Double-decker trailers are designed for short-necked animals, such as cattle and sheep. Horses carry their heads high and use their long necks for balance, and the low ceilings in double-deckers mean they are forced to lower their heads to an abnormal and uncomfortable position. In 2006 and 2007, catastrophic highway accidents involving double-decker trailers killed a total of 31 horses. In both instances, the design of the trailers caused horses horrible injuries, including traumatic amputations of parts of  legs or broken backs.

The USDA stated in the Federal Register, “We do not believe that equines can be safely and humanely transported on a conveyance that has an animal cargo space divided into two or more stacked levels.” Recent reports from the Government Accountability Office and the Office of the Inspector General also recommend closing the loophole that allows shippers who do not transport horses directly to a slaughter facility to escape USDA oversight and use double-decker trailers.

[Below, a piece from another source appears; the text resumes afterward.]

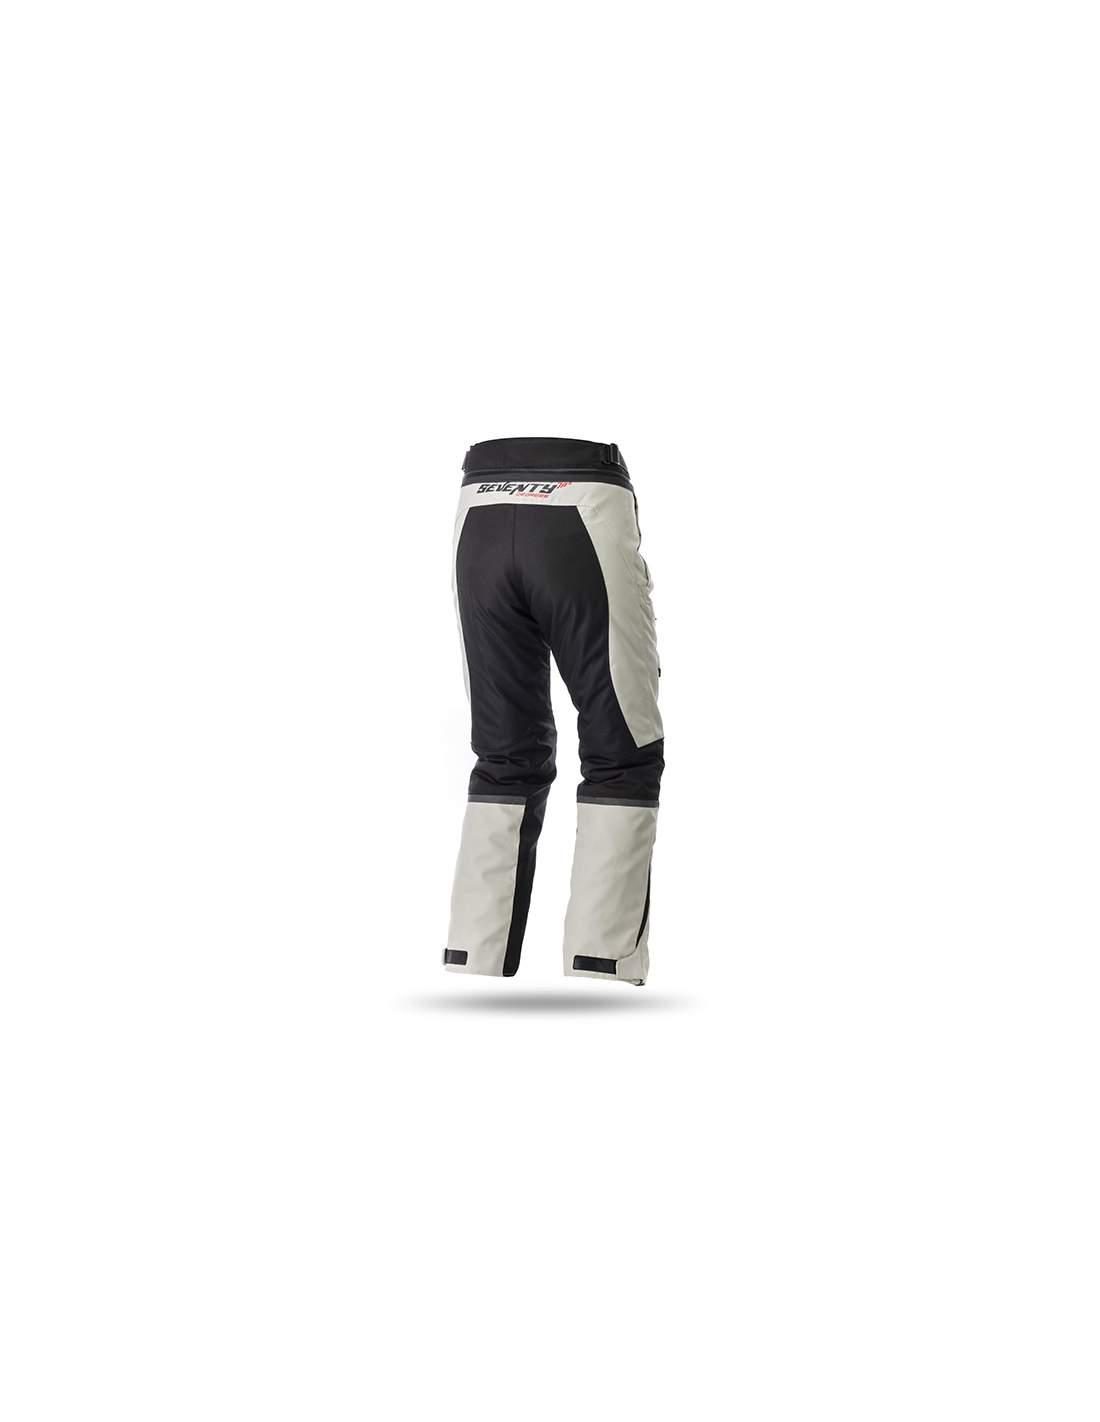 Pantalon Sd Pt1 Invierno Touring Unisex Negro Gris

Currently, no horses are being slaughtered in the U.S., but American horses continue to be forced to endure long trips in these dangerous trailers across the borders. While the USDA finally closing the loophole in its regulations is an important step to crack down on horse slaughter abuses, The HSUS strongly supports the American Horse Slaughter Prevention Act (S. 1176), which will, among other things, ban the long-distance transport and export of live American horses for slaughter in neighboring nations.